== Segment start ==

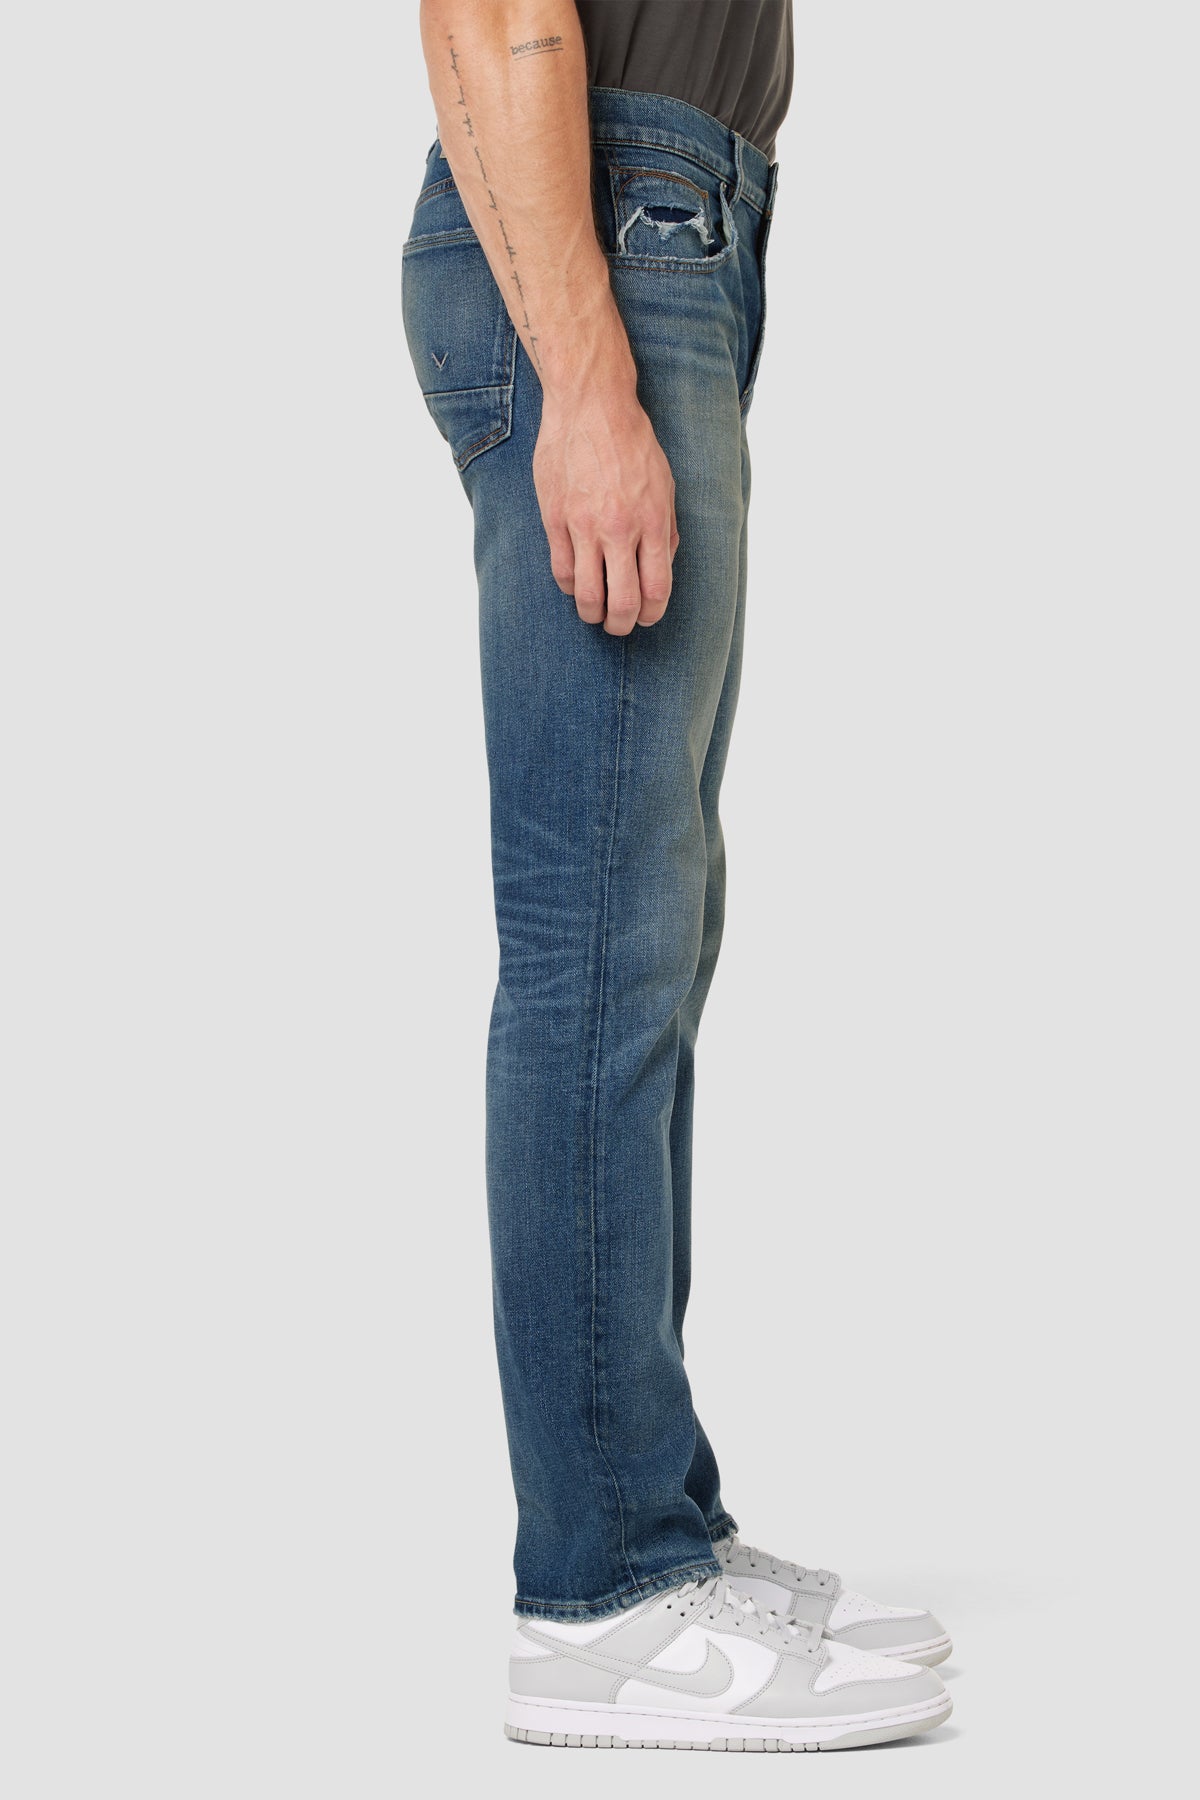 Blake Slim Straight Jean | Hudson Jeans Fabric Italian Premium 
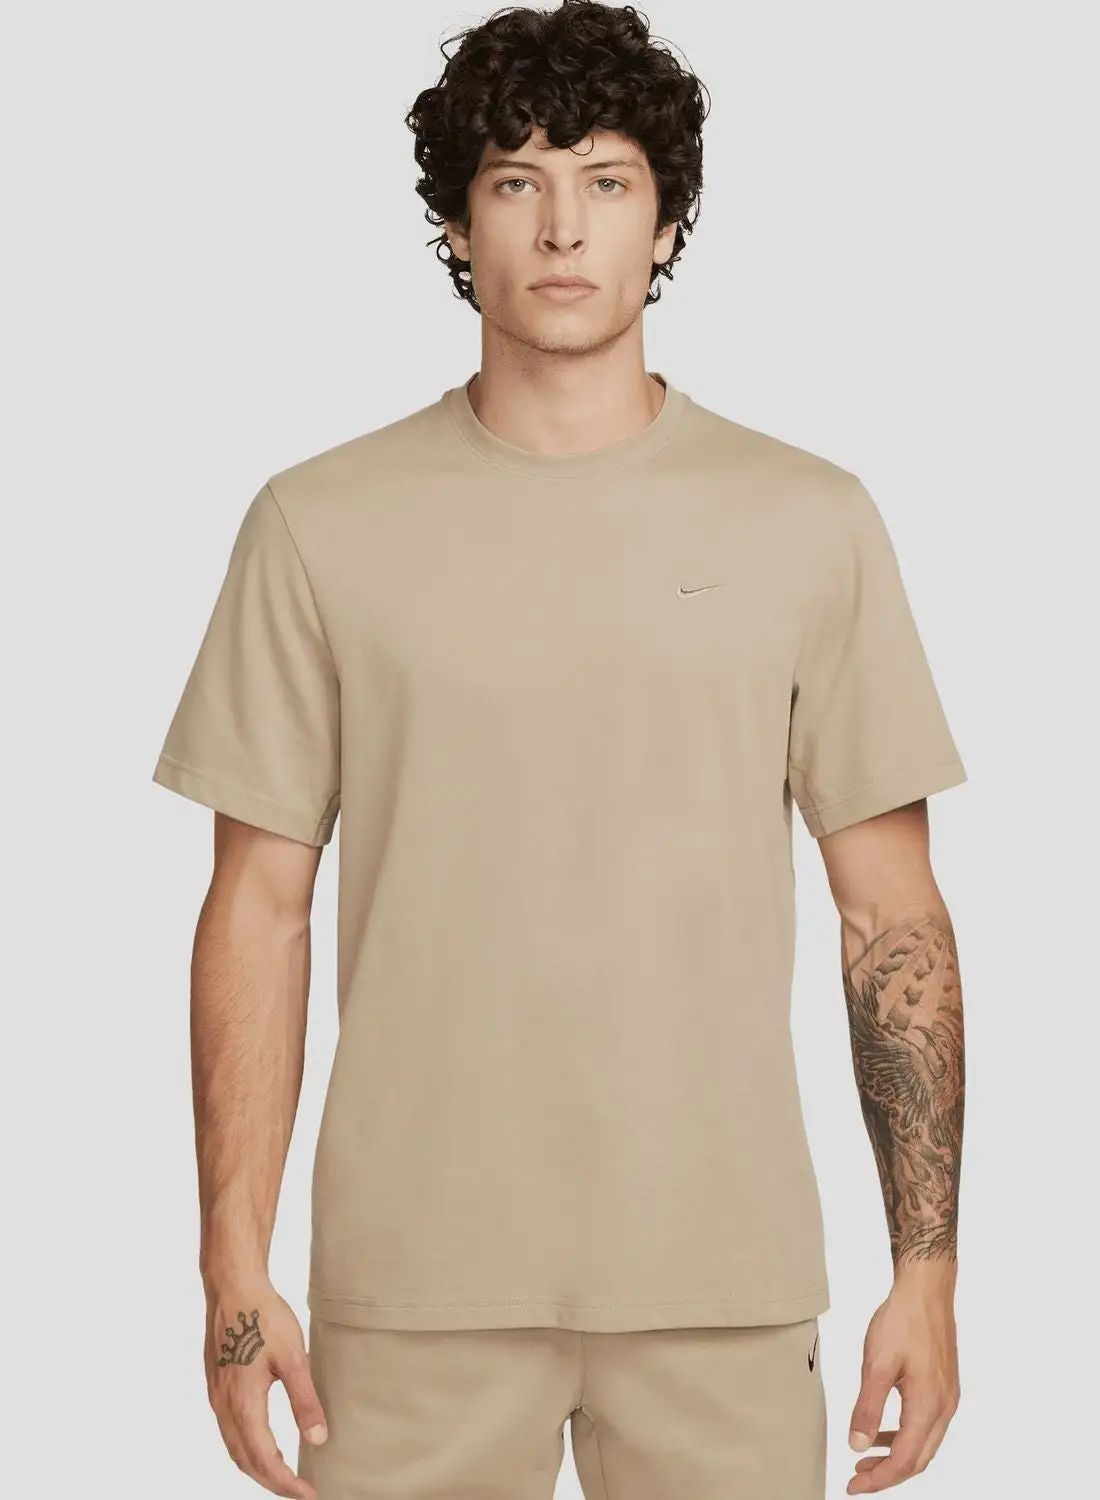 Nike Dri-Fit Primary T-Shirt
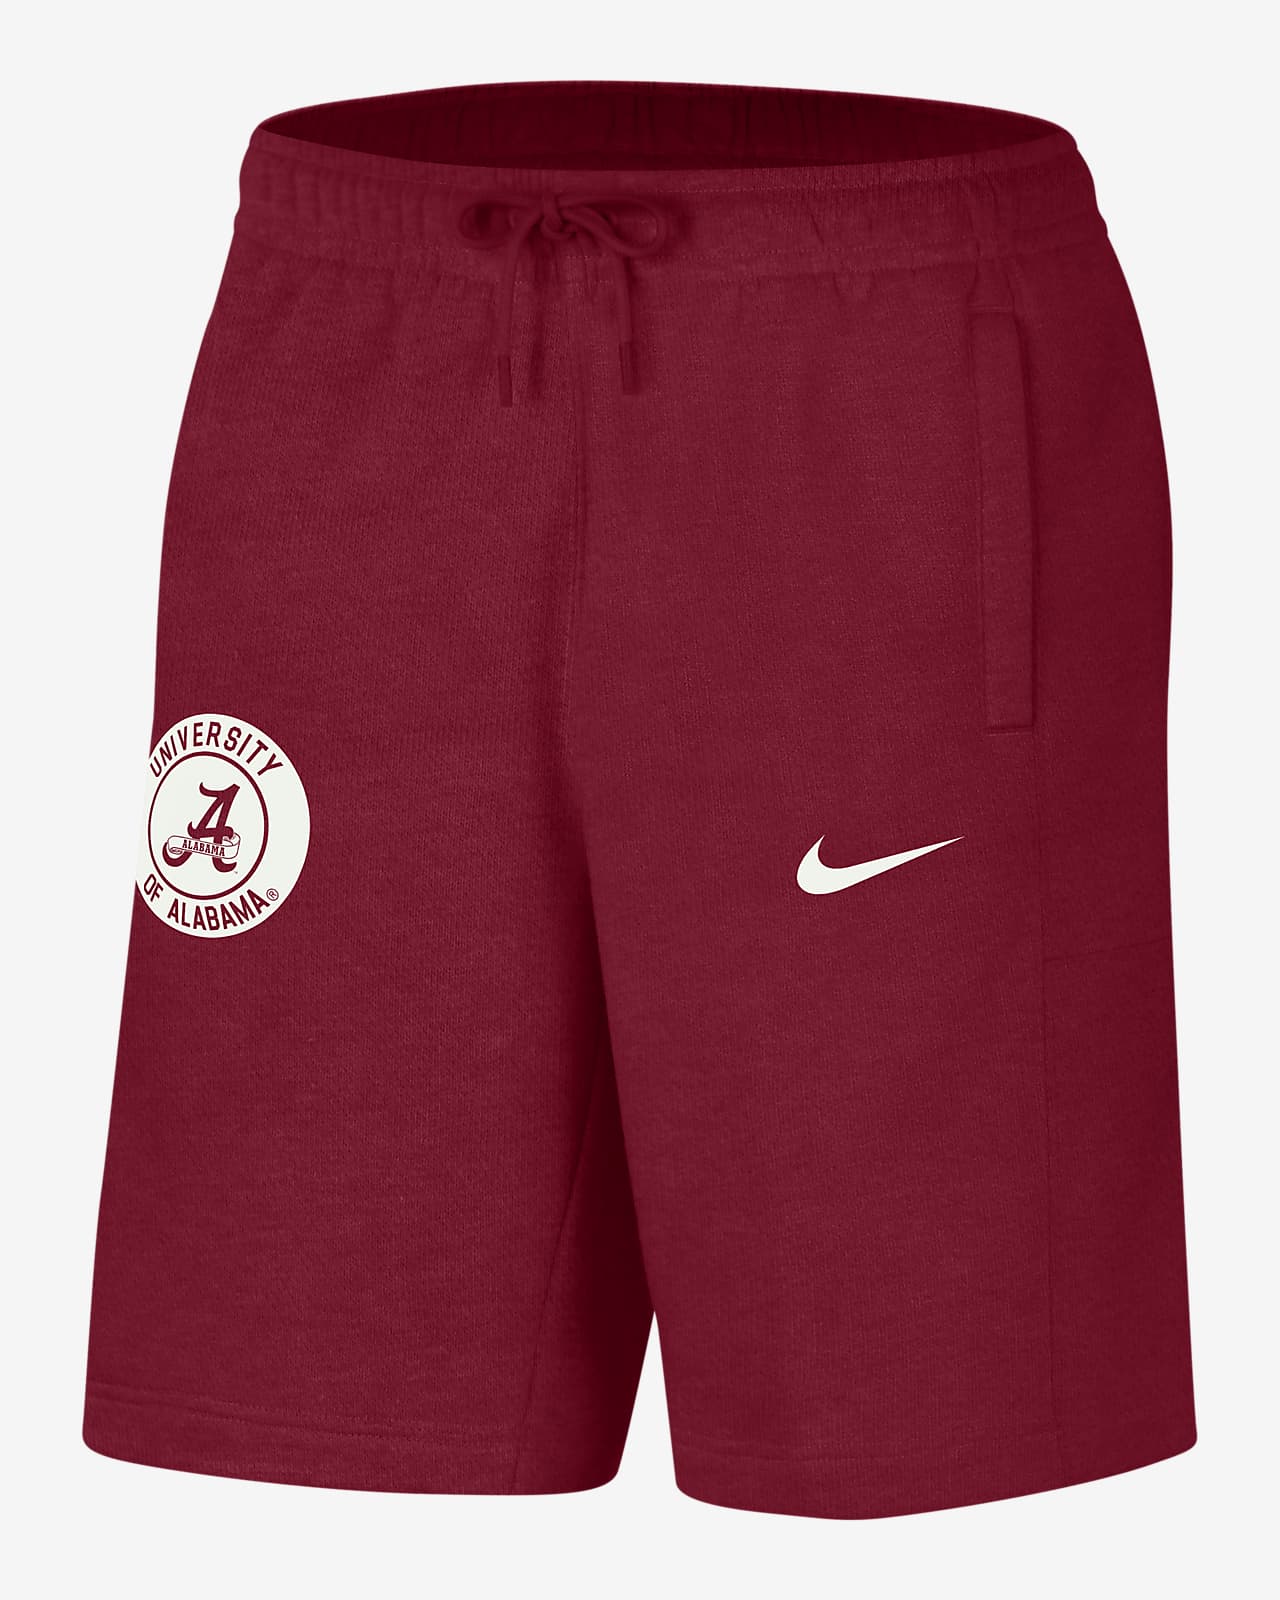 Shorts Nike College para hombre Alabama

== Segment end ==

● Problem to solve
Every line of the material above must be written out exactly, with no pictures.

● Result of this exercise
 Blake Slim Straight Jean | Hudson Jeans Fabric Italian Premium 
 Nike Dri-Fit Primary T-Shirt
 Shorts Nike College para hombre Alabama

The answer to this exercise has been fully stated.